8pm - I get a text from my girlfriend: Me or football?
11pm - I text my girlfriend: You of course.
8pm - I get a text from my girlfriend: Me or football?
11pm - I text my girlfriend: You of course.
My ex-girlfriend just told me she wants us to get back together again.
Man, I sure am lucky!
I mean, first I win the lottery and now this!
My girlfriend thinks that I'm a stalker.
Well, she's not exactly my girlfriend yet!
A bloke got chatting to a girl in a club. "Can I buy you a drink?" he asked.
"Have you not got a girlfriend," she replied, "because guys like you always seem to have girlfriends in my experience?"
"No, sadly not," he assured her. "We broke up just over a month ago."
"Oh, I'm really sorry to hear that," she said." Go on then, I'll have a white wine, please."
Well, after a few more drinks and a bit of a kiss and a cuddle, they headed off back to her place and made mad, passionate love for the next few hours.
Then, while he was putting his clothes back on, she said, "You're good looking, you seem to be a genuinely nice guy, and you're absolutely amazing in bed.

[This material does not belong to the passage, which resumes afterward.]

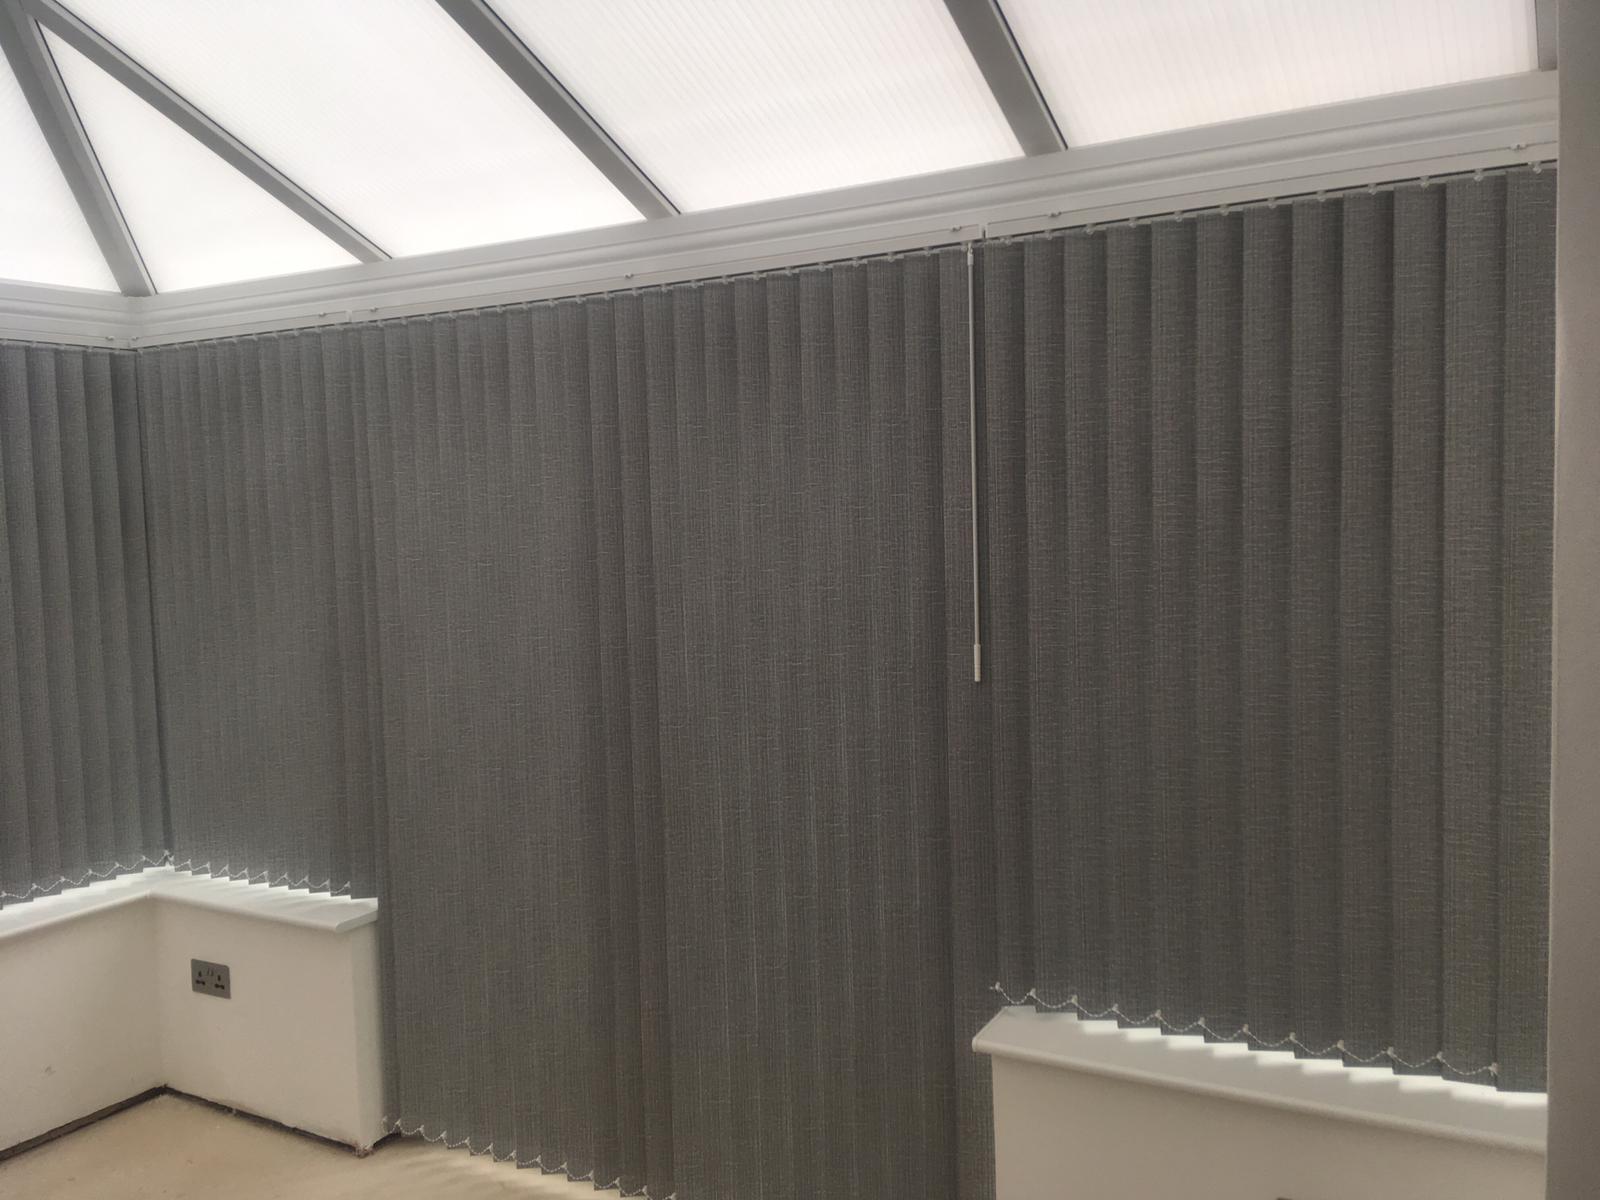 Suppliers of Customizable Vertical Blinds Designs

So can I ask you why on earth you split up with your girlfriend?
"He took a deep breath and said, "My wife found out about her."
My girlfriend accused me of cheating on her...
She's beginning to sound just like my wife!
My girlfriend just admitted she used to be a Christian, so I broke up with her.
It might seem judgemental, but I have only known her since she was Christine.
I've been trying really hard to break up with my optician girlfriend.
Every time I tell her I can't see her any more, she moves a bit closer to me and says, "How about now, is that any better?"
I left my last girlfriend because she wouldn't stop counting.
I often wonder what she's up to now.
My wife's the double of the blonde one in Abba.
I can never remember whether it's Benny or Björn.
I took my new girlfriend home to meet my parents.
We had a lovely evening and after she'd gone, my dad leaned over and said, "Son, I think this one's a keeper."
I said "Awww dad, what makes you say that?"
He said "She smells of elephant dung".